The majority of existing PET and SPECT research in MDD populations has focused on the functioning of two monoaminergic neurotransmitters: serotonin and dopamine. Focus on monoamine functioning in depression resulted in part from the monoaminergic hypothesis,97 which postulates that alterations in the function of monoaminergic neurotransmission play a causal role in the development of MDD.

Serotonin

Between 1991 and 2016, 71 molecular imaging studies meeting the criteria specified above were published. Strong evidence supports the role of the serotonergic (5HT) system, which plays a role in the regulation of sleep, stress responses, and affective cognition98 in the development and continuation of depressive symptoms.99 However, the exact nature of the relationship between 5HT functioning and MDD is still under debate. Both preclinical and postmortem evidence suggests that serotonergic dysfunction and specifically deficits in serotonin are central to the pathophysiology of MDD.100,101 In line with such findings, evidence from PET work suggests lower serotonin synthesis in MDD individuals relative to healthy control,1519 and that treatment with selective serotonin reuptake inhibitor (SSRI) resulted in increased serotonin synthesis.16

The serotonin transporter (SERT) plays a key role in modulation of brain 5HT levels via reuptake into presynaptic neurons,98 and is the primary target of action for many commonly prescribed antidepressant medications.102 Interest in SERT has been motivated in part by evidence suggesting that expression of the SERT gene (5HTT) may moderate emotional and behavioral responses to stress,103 such that individuals displaying a specific 5HTT polymorphism (associated with decreased serotonergic functioning in preclinical studies103,104) were more likely to develop MDD and suicidal behavior following stress.105 Evidence from a recent SPECT study similarly found lower SERT availability in the thalamus and that high levels of life stress interacted to predict depressive symptom severity, suggesting that SERT may play a specific role in the development of depression following chronic stress.106 Miller et al.25 observed lower SERT availability across brain regions in individuals reporting a history of child abuse who went on to develop MDD, but not PTSD, relative to MDD individuals without an abuse history. Further, support for the relationship between SERT and stress comes from an experimental study of HPA axis dysfunction, as measured by the dexamethasone suppression test,107 showing an association with reduction in SERT levels. Evidence points to lower SERT availability in multiple brain areas, most commonly the thalamus,20,29 and midbrain21,22,30,31,67 or brainstem,63,69 areas responsible for regulation of sleep/wake cycles which are frequently disrupted in MDD.

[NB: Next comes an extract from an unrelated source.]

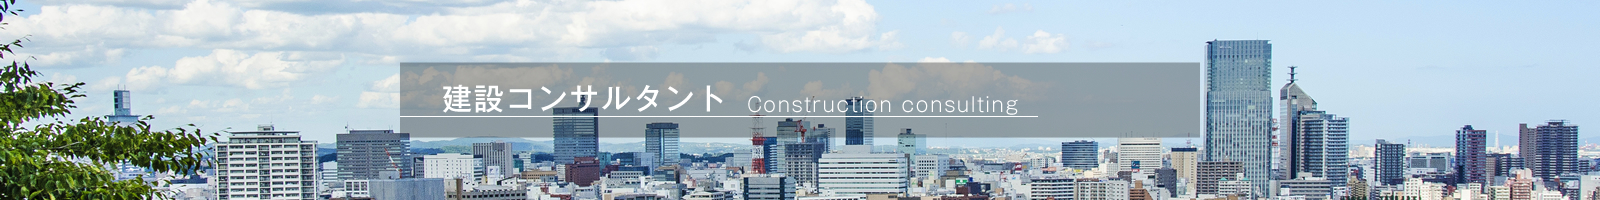 construction-consulting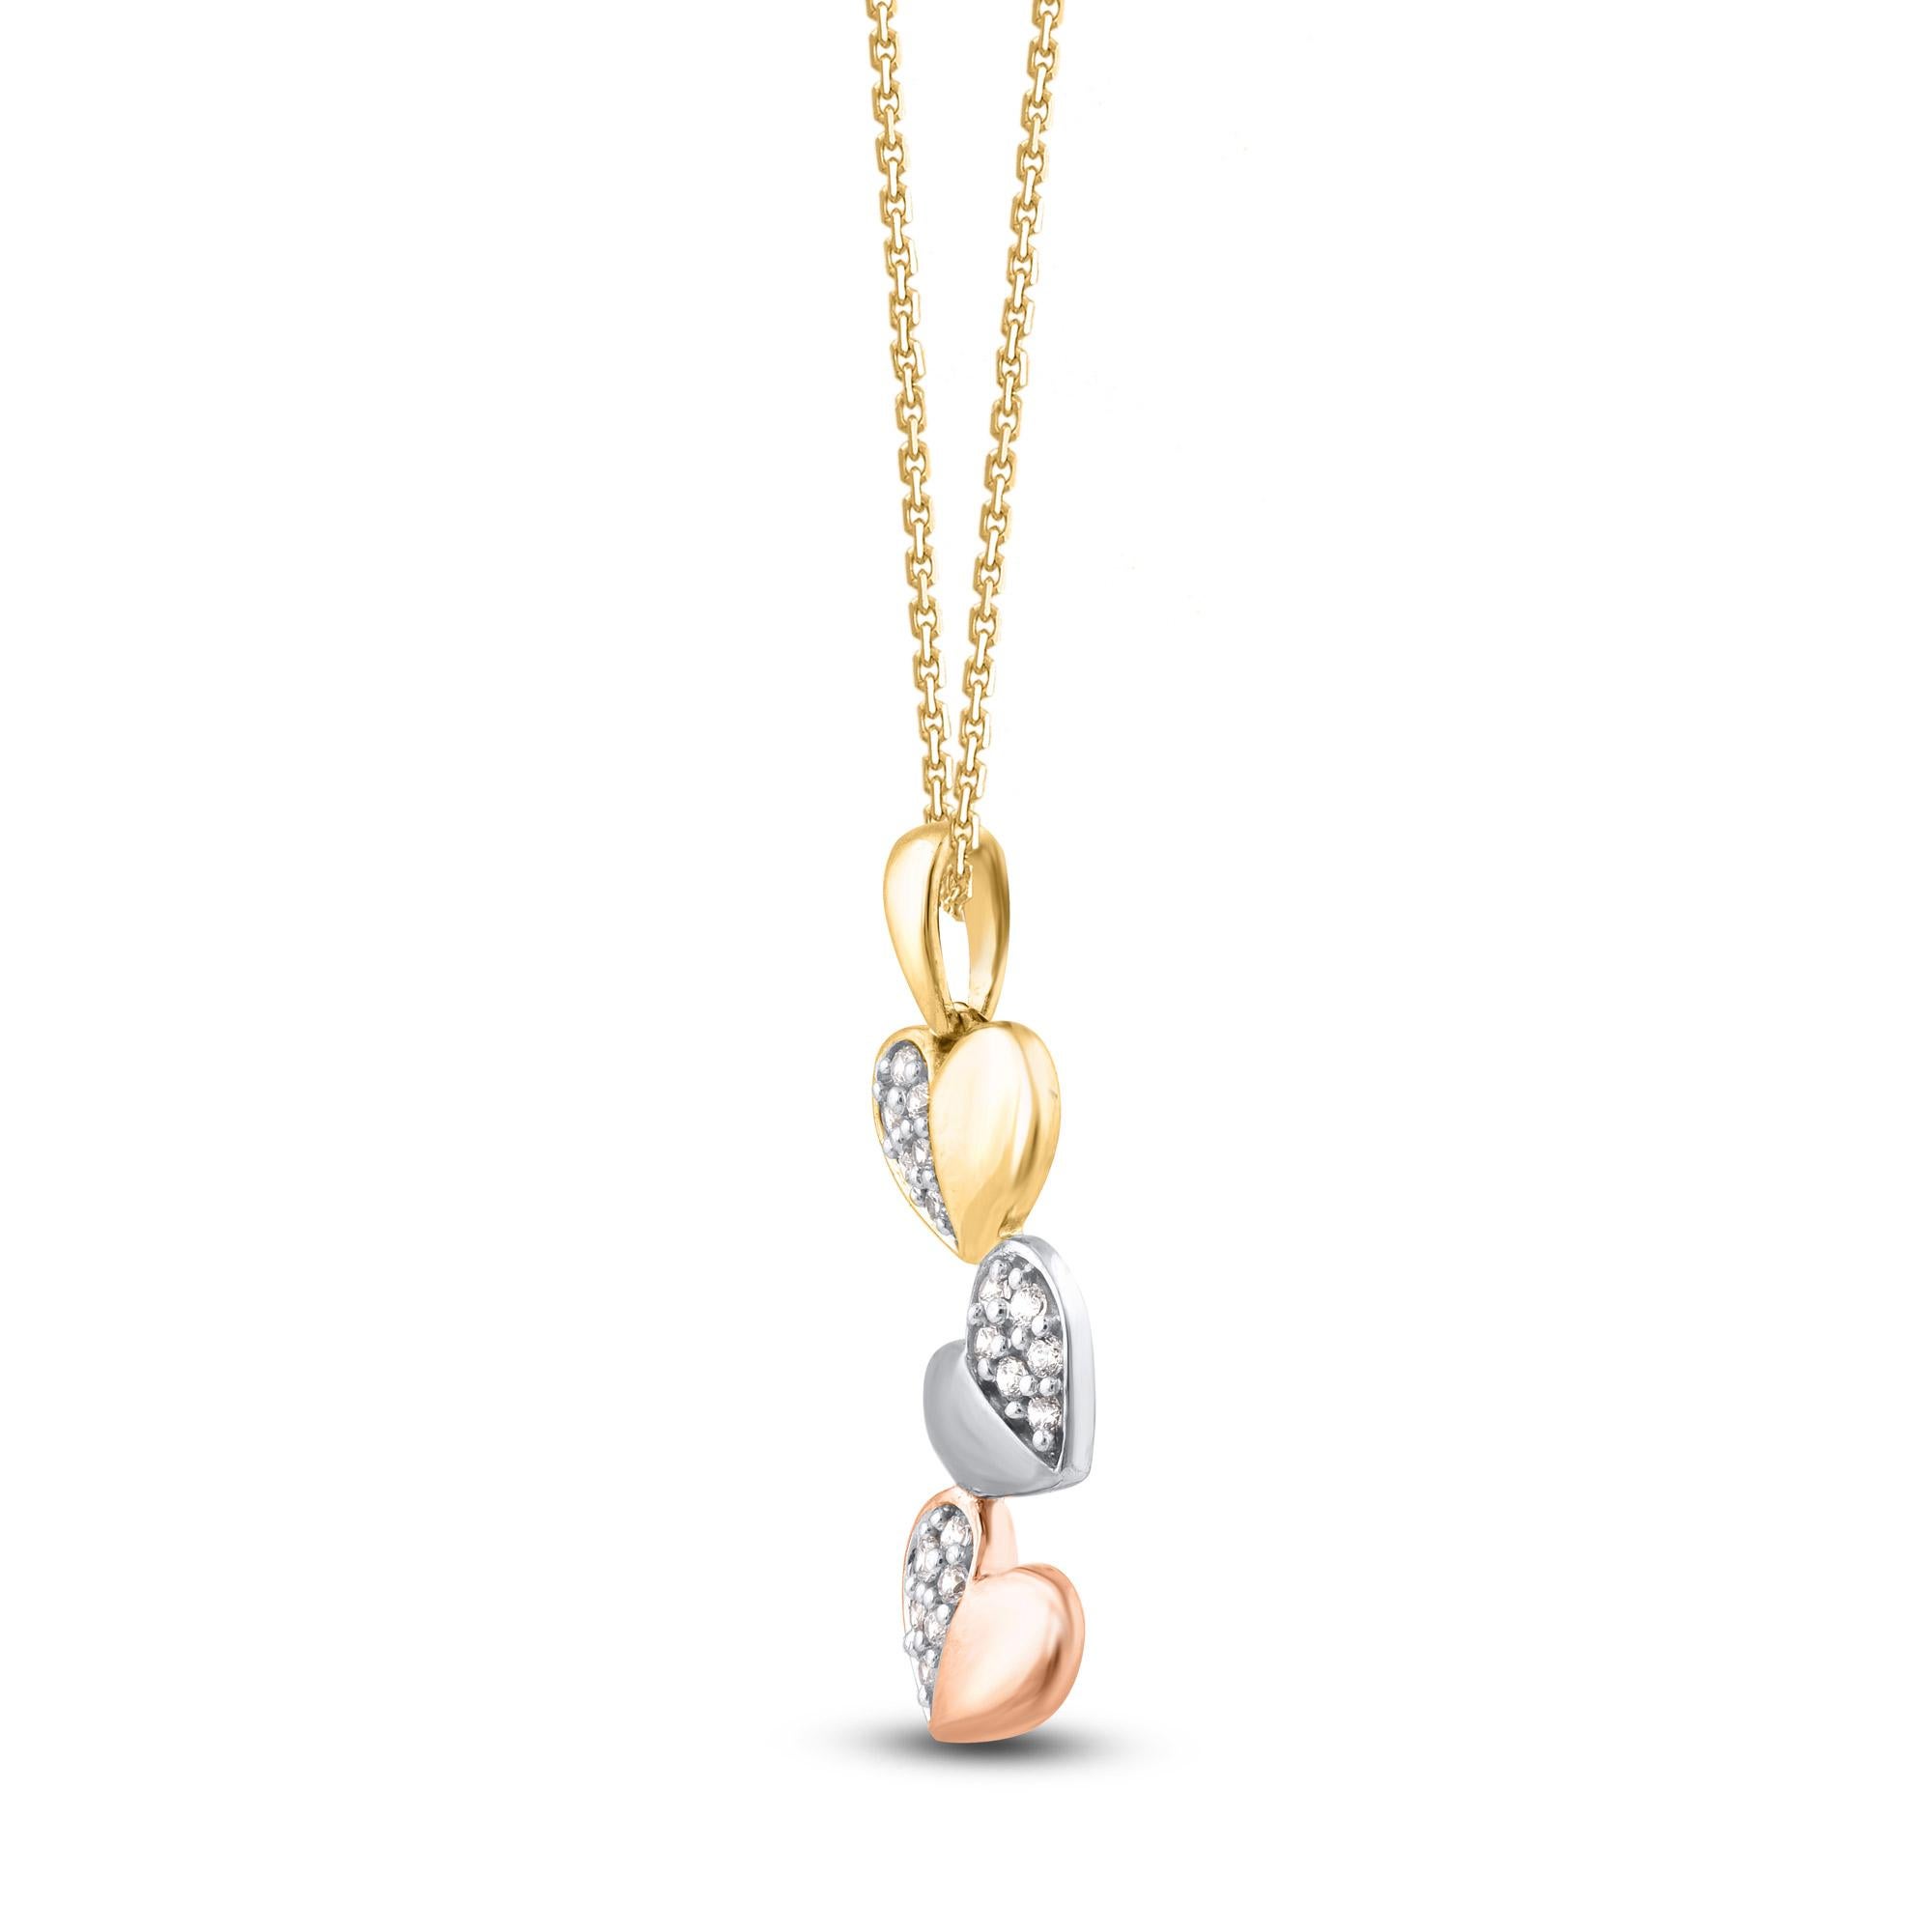 Bring charm to your look with this diamond heart pendant necklace. The pendant is crafted from 14 karat tri color gold and features 18 round brilliant cut diamond set in pave setting and a high polish finish complete the brilliant sophistication of

Importantly, SERT levels appear to be related to antidepressant treatment outcome and illness progression.32,108,109,110,111 Increase in midbrain SERT availability is associated with depressive symptom remission following antidepressant treatment,109,111,112 and Amsterdam et al.110 showed a significant increase in both midbrain and medial temporal lobe SERT availability in treatment responders following 12 weeks of cognitive behavioral therapy. Conversely, in participants whose MDD symptoms did not remit following a year of antidepressant use, lower SERT availability was detected in several brain regions in individuals with MDD relative to healthy controls.27

Of note, in vivo evidence for low SERT in MDD is strong but not universal. Some studies have reported no significant differences in SERT availability between MDD and healthy control groups,23,28,64,113,114 while others reported higher SERT availability in individuals with MDD relative to controls.65,113,115 No clear explanation for these discrepant findings is available, though low sample size due to cost in PET and SPECT studies, difficulty in recruiting these patients, and cross-sample variability (e.g. symptom severity, sex, race, medication) likely play a role. Notably, characteristics of some specific radiotracers may have biased findings in some cases. For example, both SPECT tracers, [123I]nor-β-CIT and [123I]β-CIT, have been shown to bind not only to SERT but to norepinephrine (NET) and dopamine (DAT) transporters.116 Thus, depending on the region, quantification of SERT might represent SERT and DAT/NET densities.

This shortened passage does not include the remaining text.